Oftentimes when we value cash, we simply want to know what it pays – the interest rate or yield. This can be deceiving. The rate quoted by all institutions is what is called the nominal rate – it is the rate you receive. We should also consider how much that cash will allow us to buy in the future. This is known as the real return, or how much it really affects you. We take the nominal rate and subtract inflation for the real return. 

In the current period of low interest rates, it is not uncommon to find savings account paying 0.50% or less – that is the nominal rate. Subtract inflation, let’s say it's a measly 1.50%, and you have a real return of -1.00%. You are losing purchasing power on each dollar of cash! The instant analysis is, “Holding cash is of negative value.” That is correct in this situation, but not in all situations. We need to look at many angles when making financial decisions to ensure we make the right one.

“Cash is King”

This saying seems to come about every few years when the economy is having a tough time.

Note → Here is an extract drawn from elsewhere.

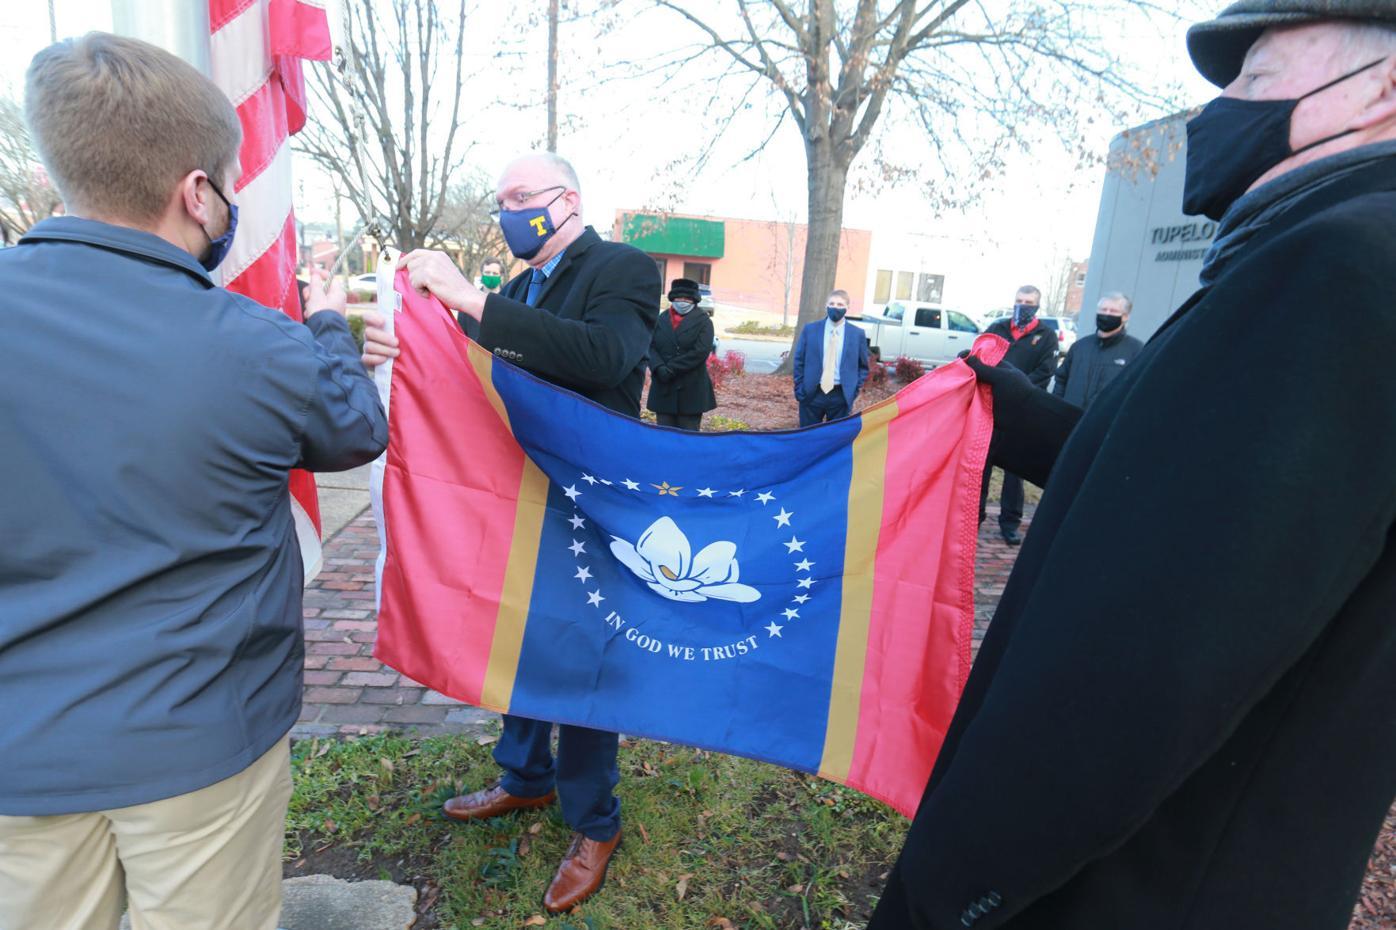 djr-2021-01-14-news-flag-twp1

While we learned above how cash can be a drag on your future purchasing power, I will now make the case that the same cash can be a great advantage to an investor.

Most investors agree with the adage, “buy low and sell high”. But we don’t often talk or plan how we are going to do that. We presume that someone will ring a bell when stocks are at a low and sound the buzzer when stocks are at a high. Assuming we can emotionally buy low (that is a big assumption), what are we to buy stocks with? Of course we need cash. And this is where the value of cash can come as an opportunity.

An investor who holds no cash because it has a negative real return, will not have any cash to buy stocks at a low price. So we must ask ourselves, what is the cost of the real return and how does that compare with the potential return from buying low? Are we willing to give up a few percent for the opportunity to buy quality assets on sale? That, like most financial decisions, is the tradeoff. 


Remember that the first decision you come to may sound right and may even be right in your circumstance. But before acting on any financial decision, be sure you are also evaluating it from different angles. You may come to a different conclusion. The important thing is that you come to the right conclusion.